Shopify has managed to significantly grow this point-of-sale network to offset the reduction in online sales, giving it a strong foothold in every aspect of the future of commerce.
However, a lot more will be required to reverse the company’s slide this year. Shopify is down close to 75% for the year and almost 80% off all-time highs witnessed during the pandemic. If it can continue to outperform though, it may have a chance to recapture some of its past glory.
The Losers ⬇️
Where do we even begin with Meta? The brainchild of Zuckerberg and co. lost almost 25% in a single day following the release of its third-quarter earnings report on Wednesday evening. Even before that dramatic loss though, Meta was facing into a difficult week following the publication of an open letter to the company from Brad Gerstner, the CEO and Chairman of Altimeter Capital.
Gerstner openly criticized Meta’s dedication to building out the Metaverse, claiming that “an estimated $100B+ investment in an unknown future is super-sized and terrifying, even by Silicon Valley standards.” He also questioned the bloated nature of Meta’s workforce and demanded a reduction in headcount, stating in a scathing remark that “Meta has drifted into the land of excess — too many people, too many ideas, too little urgency.”

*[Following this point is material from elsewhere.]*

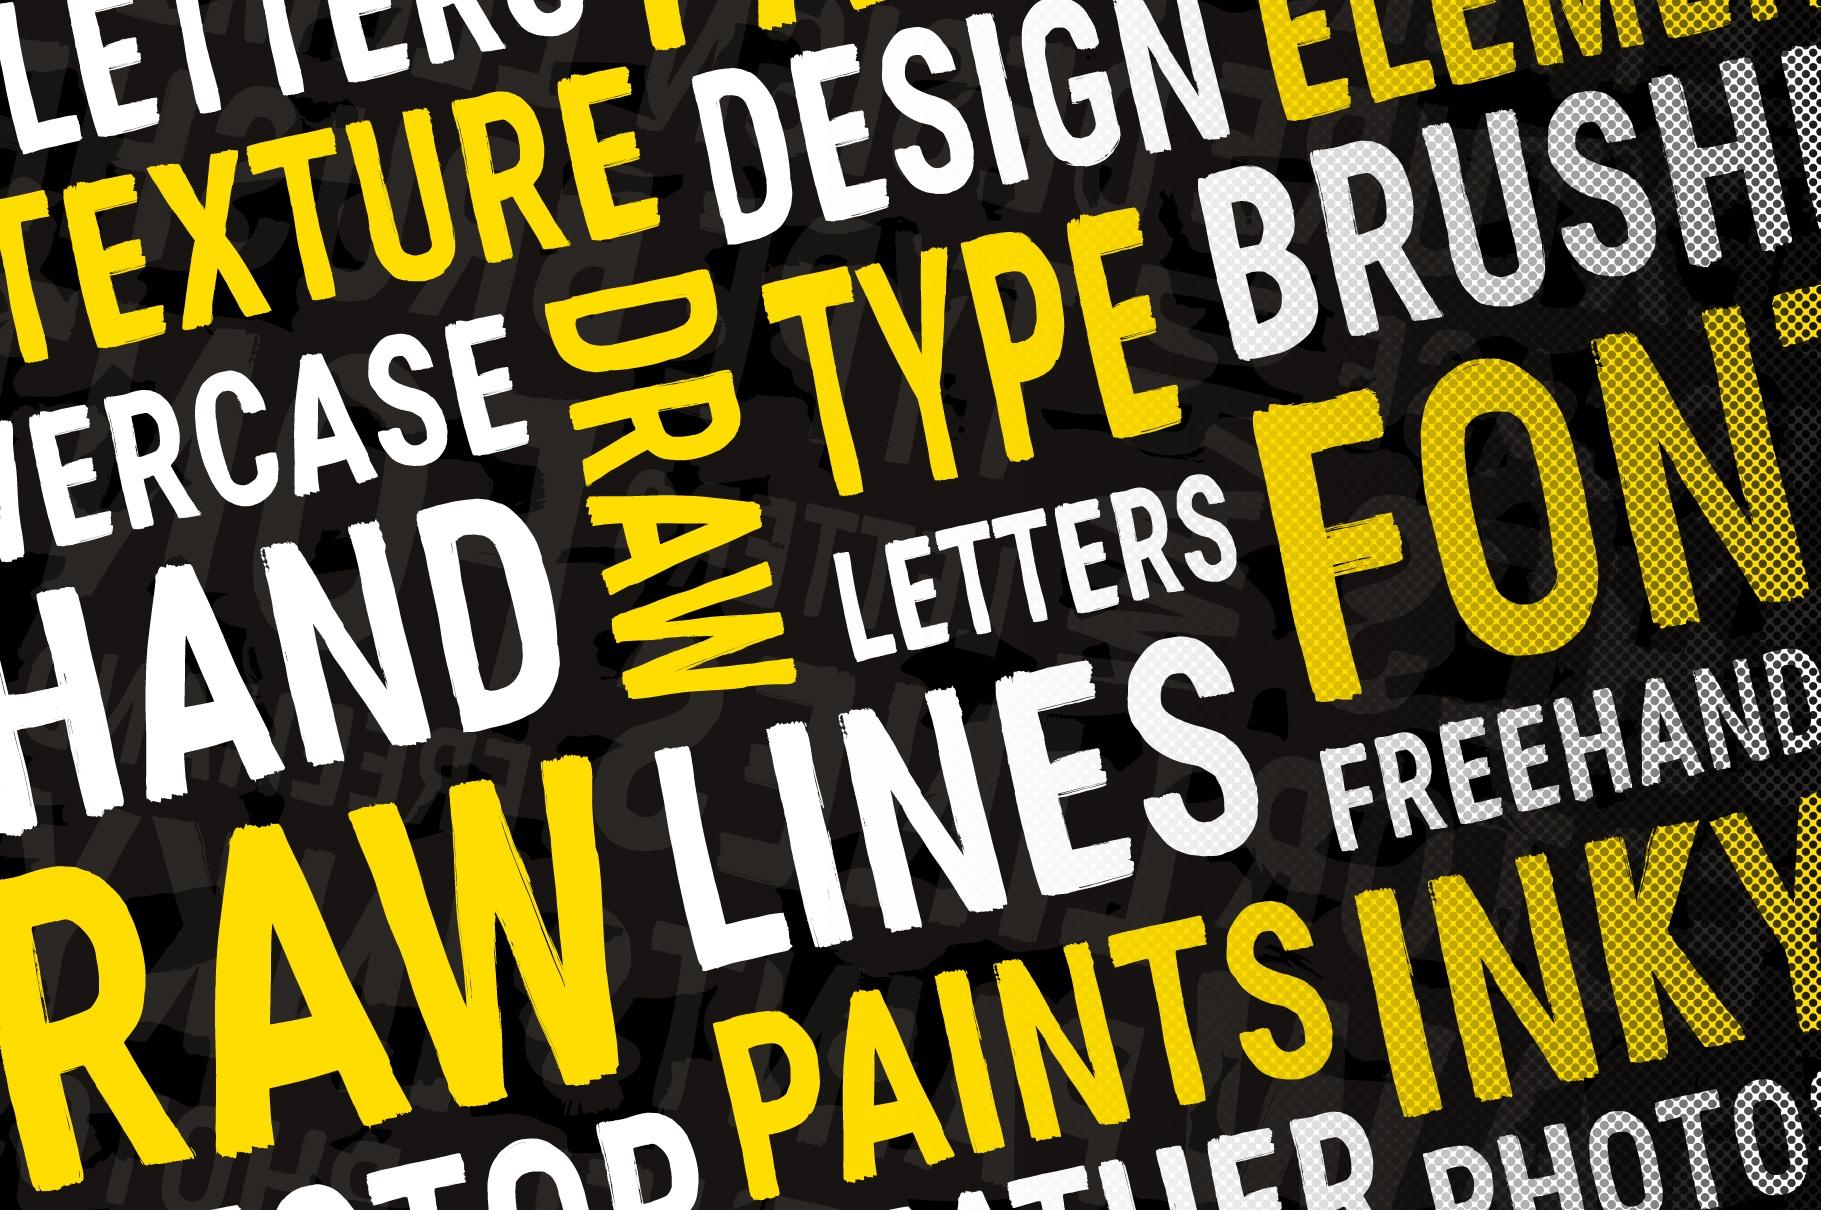 Hand-made textured brush font - Hand-made textured brush font

Perhaps Gerstner was onto something, because only two days later Meta reported a large earnings miss and, more worryingly, widening losses for the division behind its Metaverse plans. Reality Labs, the arm of the company specializing in this Metaverse push, saw its losses widen to $3.67 billion — up from a mark of $2.63 billion in the year-ago quarter. And the company’s comments on this didn’t exactly inspire confidence:
“We do anticipate that Reality Labs operating losses in 2023 will grow significantly year-over-year.”
Meta is now down over 70% year-to-date and the road back just appears to be getting longer and longer. For shareholders, it’s becoming increasingly apparent that it's simply Metaverse or bust right now for the former king of social media. And I, for one, just can’t be convinced that it’s going to work out. But, as always, bet against Zuck at your own peril.

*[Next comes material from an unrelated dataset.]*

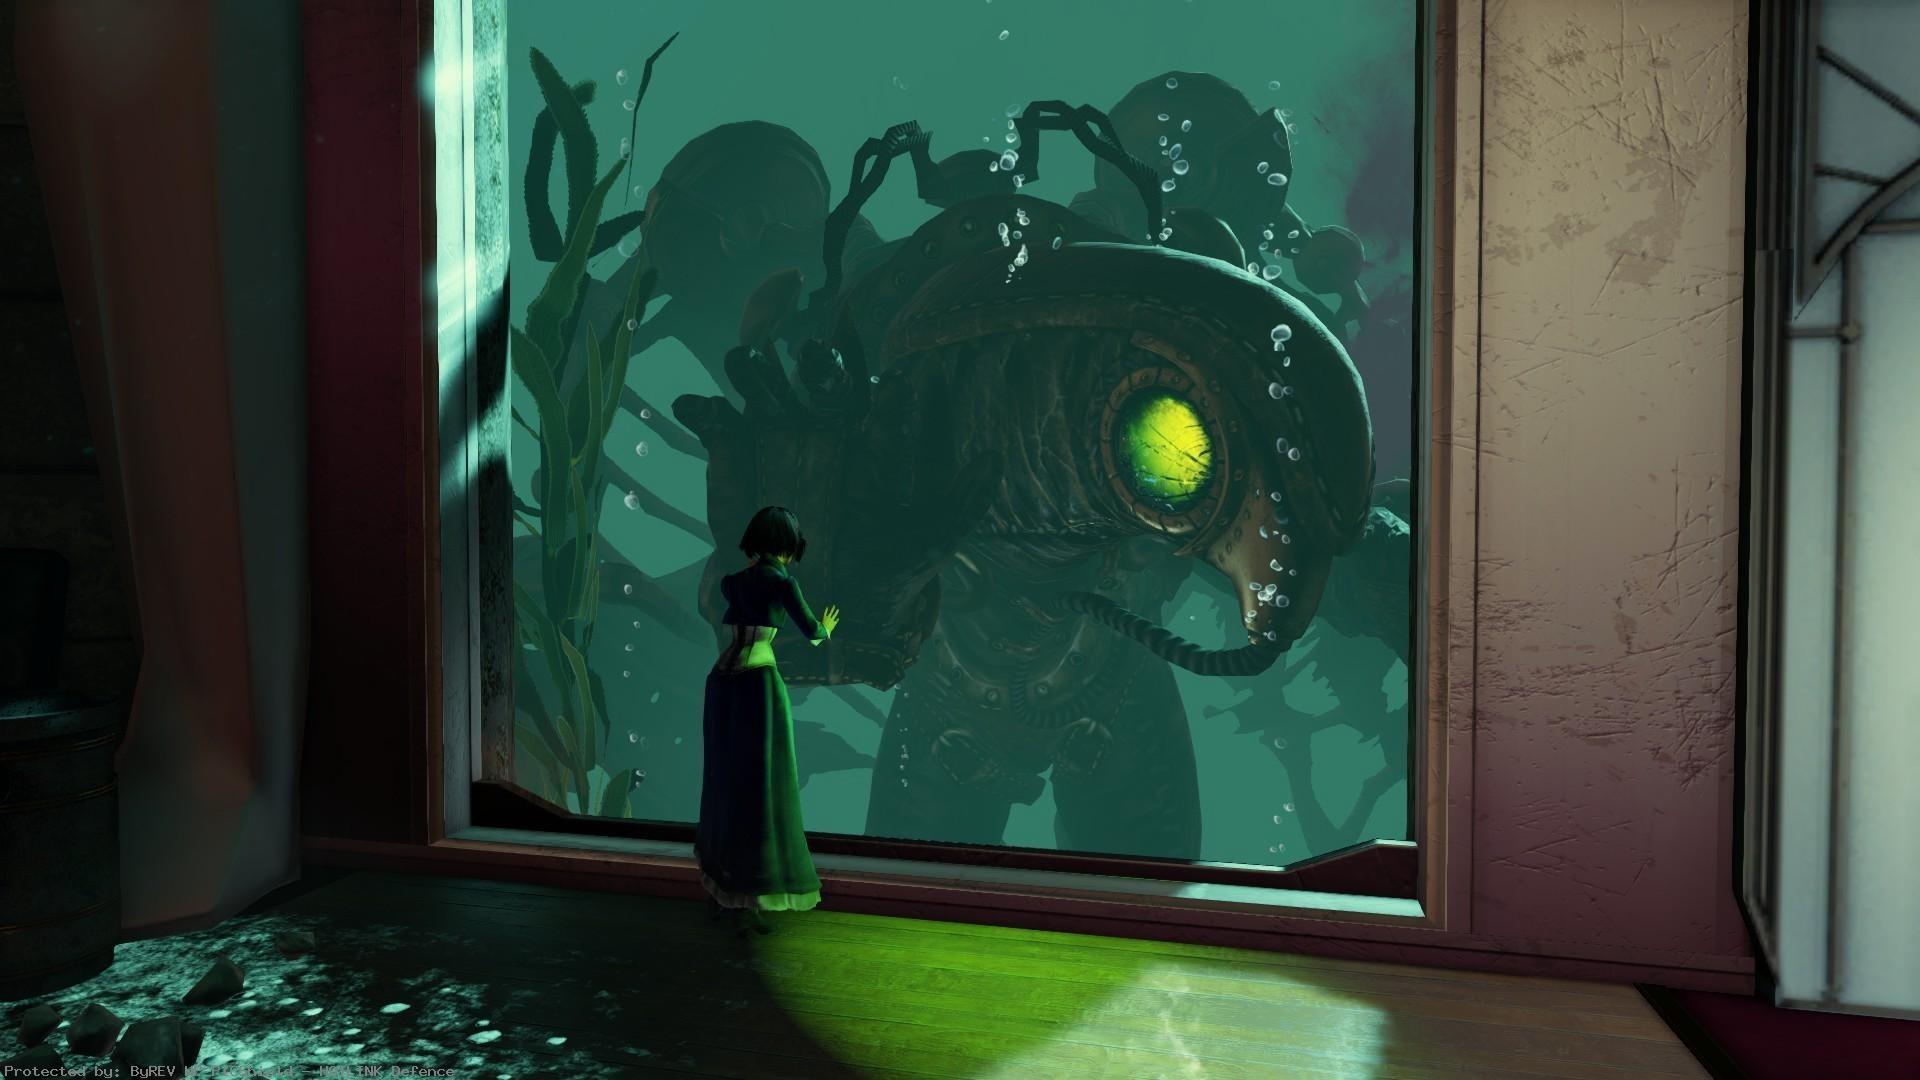 Excellent-Bioshock-Rapture-BioShock-Novel-HD-x-wallpaper-

The hits just keep coming for Big Tech this week, and this one was a real body blow. Google’s parent company Alphabet sank this week following a less-than-stellar earnings report on Tuesday. Costly misses on both the top and bottom line sent shareholders into a fluster, while an unusually weak performance from YouTube’s revenue has seen worry ripple across Wall Street.
While its cloud segment was a rare bright spot for Big Tech this week, bringing in revenue that just about outpaced analyst predictions, it wasn’t enough to spare Google’s blushes. Google’s business model, while extremely diversified, still relies heavily on advertising. And, as Snap showed us last week, a looming recession doesn't make for a particularly strong ad environment.
A fantastic example of this was the revelation that YouTube, one of the company’s crown jewels, reported its first decline in advertising revenue on a year-over-year basis since first being reported separately in 2019. This led to Alphabet suffering its worst single-day performance on the market since March 2020.
While this hasn’t caused the same level of worry as Meta’s sliding performance — and rightfully so — it should still be something for investors to monitor should the trajectory of some of Alphabet’s biggest segments continue to trend downward.